I have used the same CPA for over 25 years so I would send the IRS a check and not be too concerned if it was a simple math/clerical error.

If I didn't have a track record with the person that prepared my taxes I would ask for a full or partial refund of his fees and look for a new tax preparer.

No matter what you decide to do about your tax preparer _*PAY THE IRS!!!*_*!*

Good luck!


----------



## Camper6 (Jul 27, 2018)

Everyone should learn to do their own taxes so that they can understand them.

It's not a problem now with the tax preparer programs on the market.

Do your own and then give them to a professional if you want to be sure.

This is a real kick in the rear end when taxable income is not included.  I can believe a mistake but not this kind of mistake.


----------



## Butterfly (Jul 27, 2018)

I agree with jujube and Aunt Bea above, and I seriously doubt the IRS gives a hoot whose mistake it actually was.  PAY THE IRS immediately -- interest and penalties accrue at an amazing rate.  If you can't do that, make a deal with them for a payment plan.  The IRS probably advised your state of the error as well, so you'll probably be getting notice from your state tax bureau.

The IRS is relentless about getting their money.  You don't want to end up with an IRS levy.  According to the IRS website:

[h=2]"When will the IRS issue a levy?[/h]  If you do not pay your taxes (or make arrangements to settle your  debt), and the IRS determines that a levy is the next appropriate  action, the IRS may levy any property or right to property you own or  have an interest in.

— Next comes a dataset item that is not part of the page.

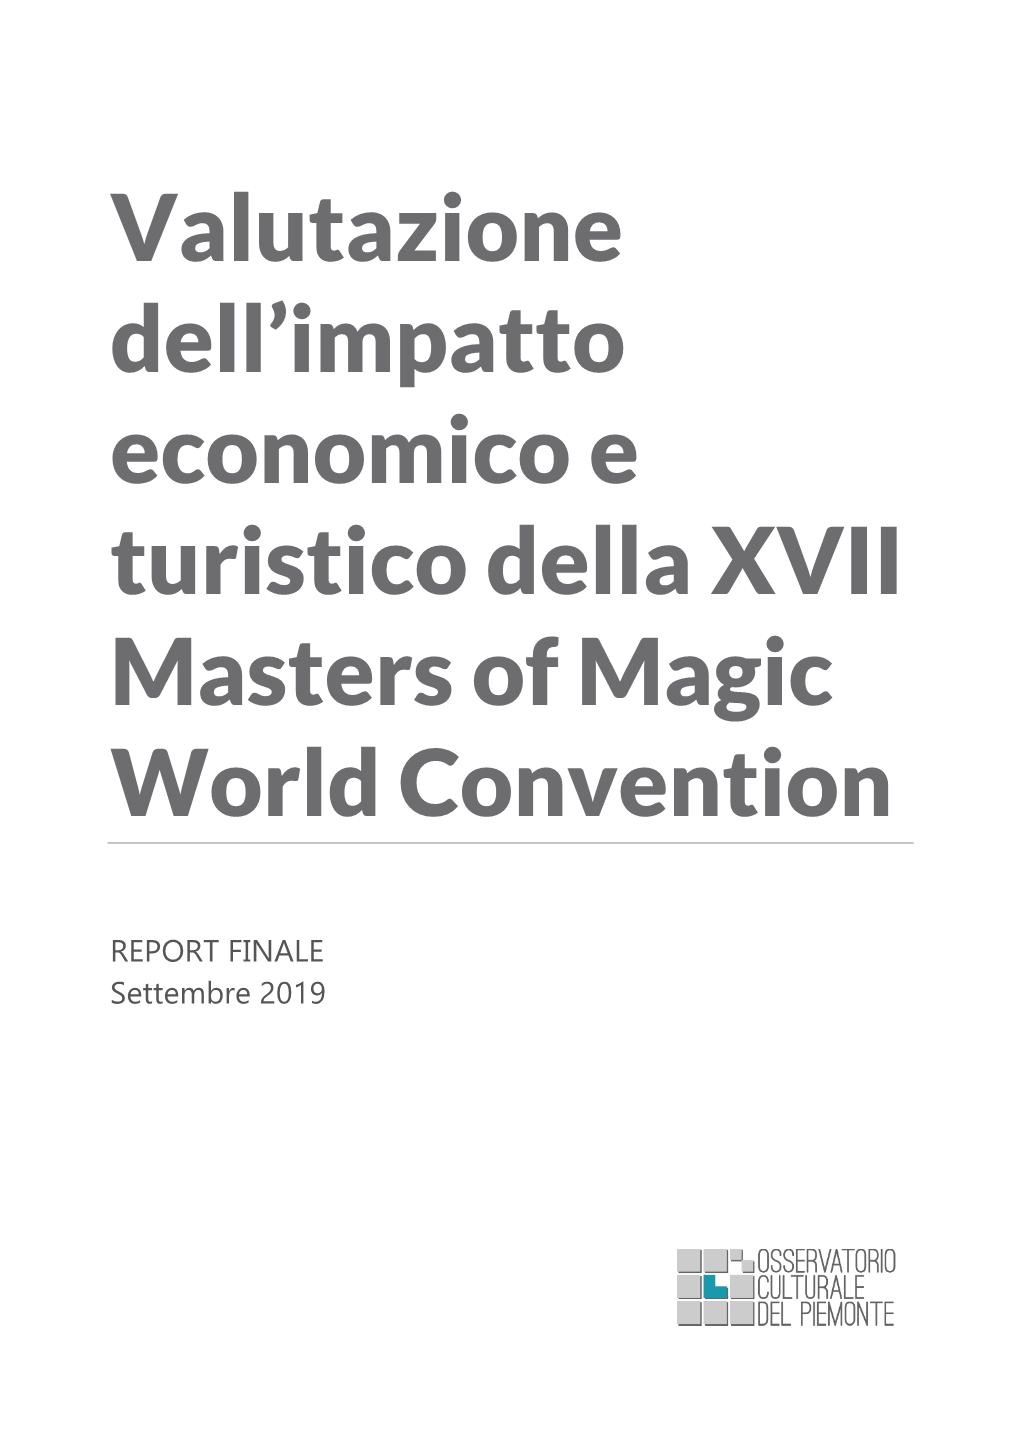 Valutazione Dell'impatto Economico E Turistico Della XVII Masters of Magic
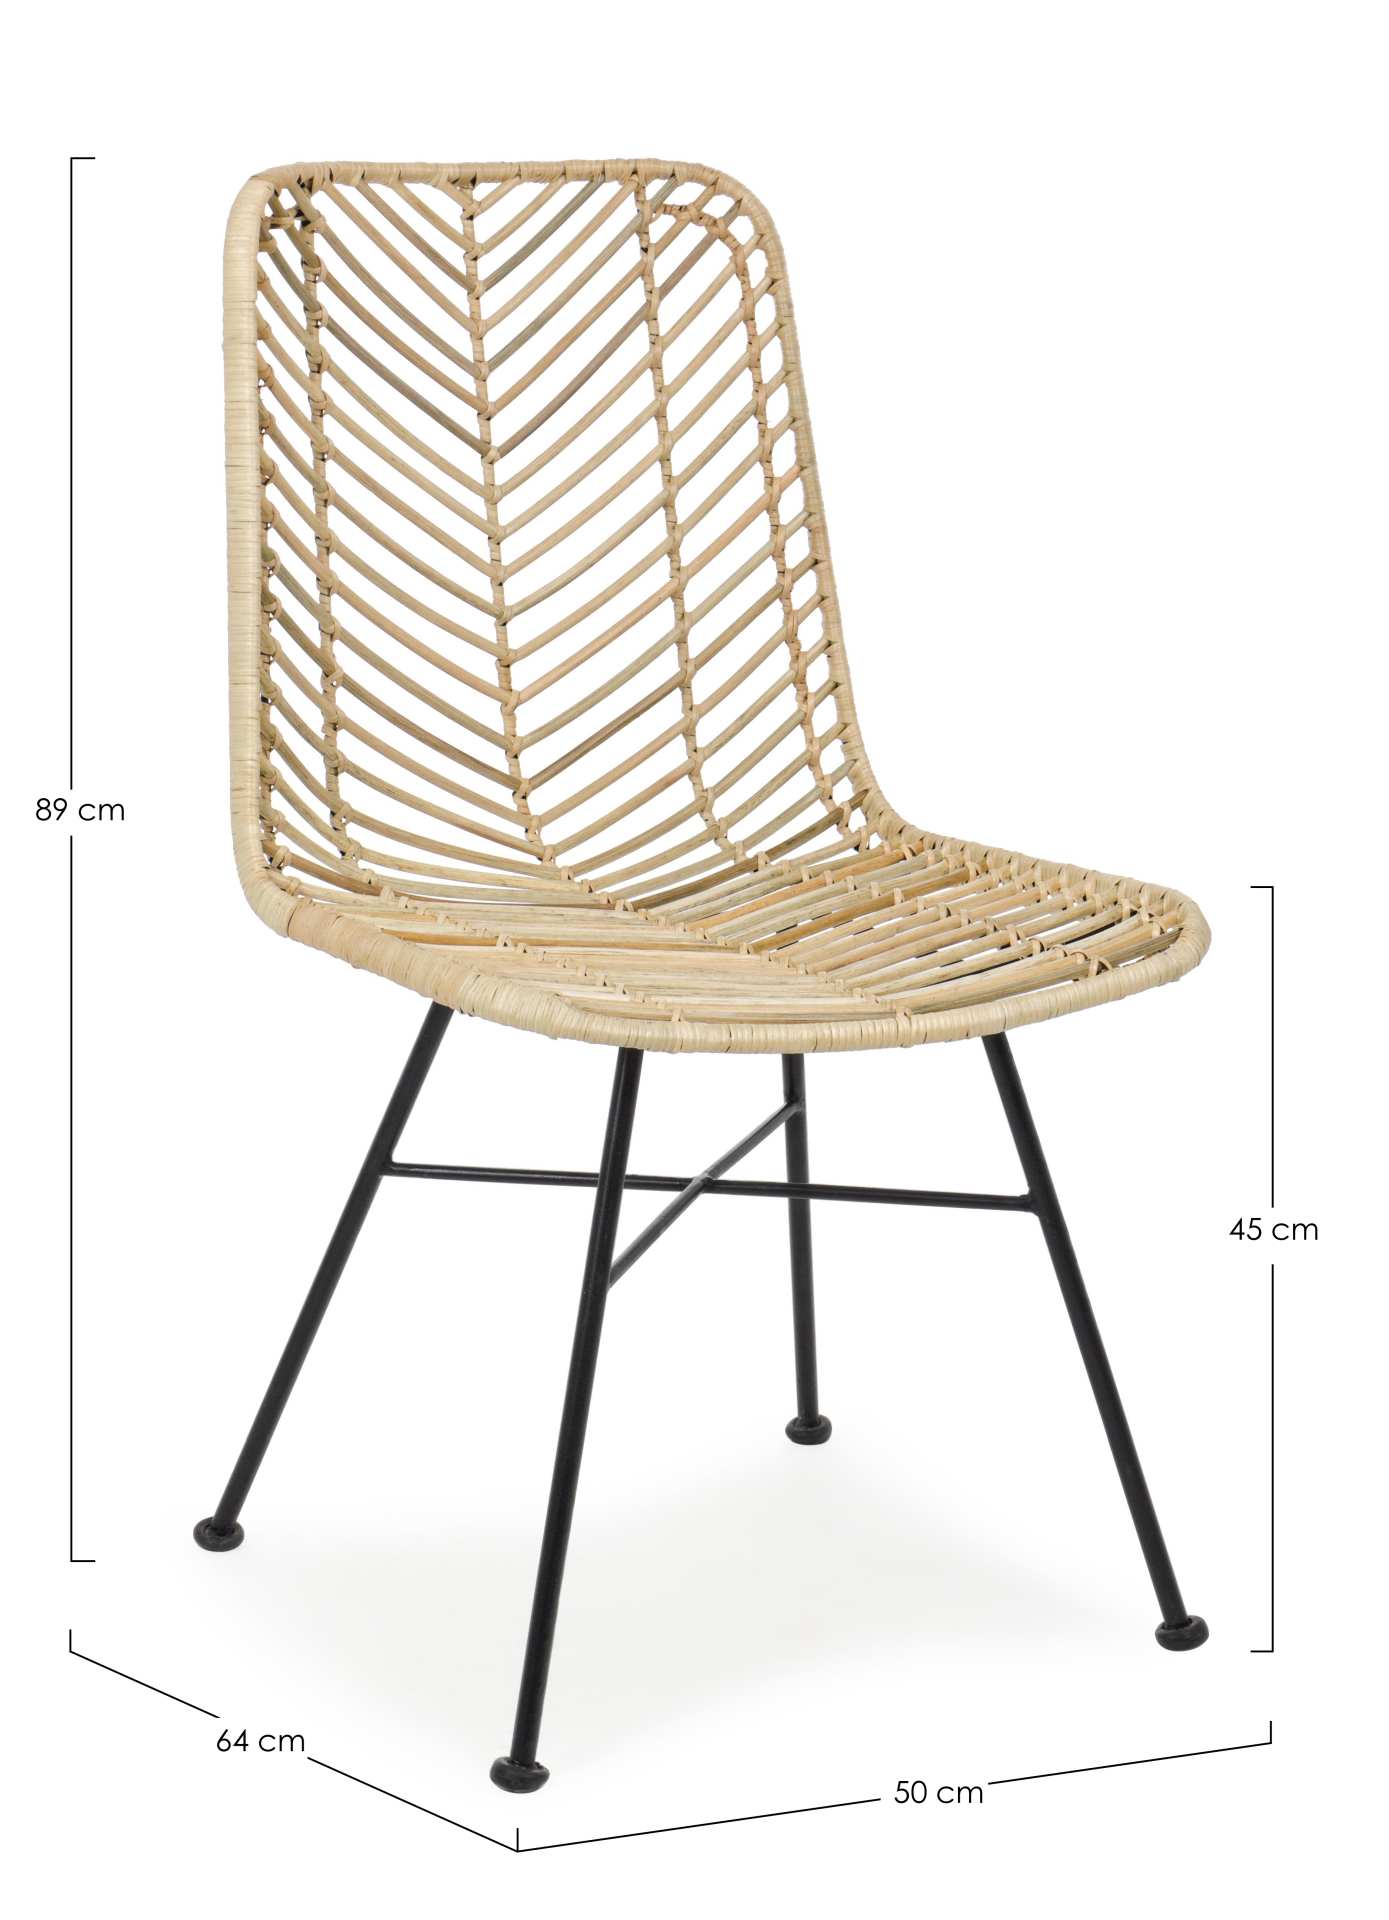 Der Stuhl Lorena überzeugt mit seinem modernem aber auch besonderem Design. Gefertigt wurde der Stuhl aus Rattan, welcher einen natürlichen Farbton besitzt. Das Gestell ist aus Metall und ist Schwarz. Die Sitzhöhe beträgt 45 cm.

For instance, the IRS could levy property that is  yours, but is held by someone else (such as your wages, retirement  accounts, dividends, bank accounts, licenses, rental income, accounts  receivables, the cash loan value of your life insurance, or  commissions). Or, the IRS could seize and sell property that you hold  (such as your car, boat or house)."


----------



## Victor (Jul 28, 2018)

He said he will send me a check for the interest charged on the bill--maybe also a partial refund for his fee
in doing the return. I chose him because he works close by and charges 150. less than a CPA I know.
He took an inordinate amount of time doing my returns when a CPA would be quicker. And my return is not
so complicated really but I cannot do it. He is not a CPA. I am very annoyed.


----------



## Don M. (Jul 28, 2018)

Victor said:


> He said he will send me a check for the interest charged on the bill--maybe also a partial refund for his fee in doing the return. I chose him because he works close by and charges 150. less than a CPA I know.
> He took an inordinate amount of time doing my returns when a CPA would be quicker. And my return is not so complicated really but I cannot do it. He is not a CPA. I am very annoyed.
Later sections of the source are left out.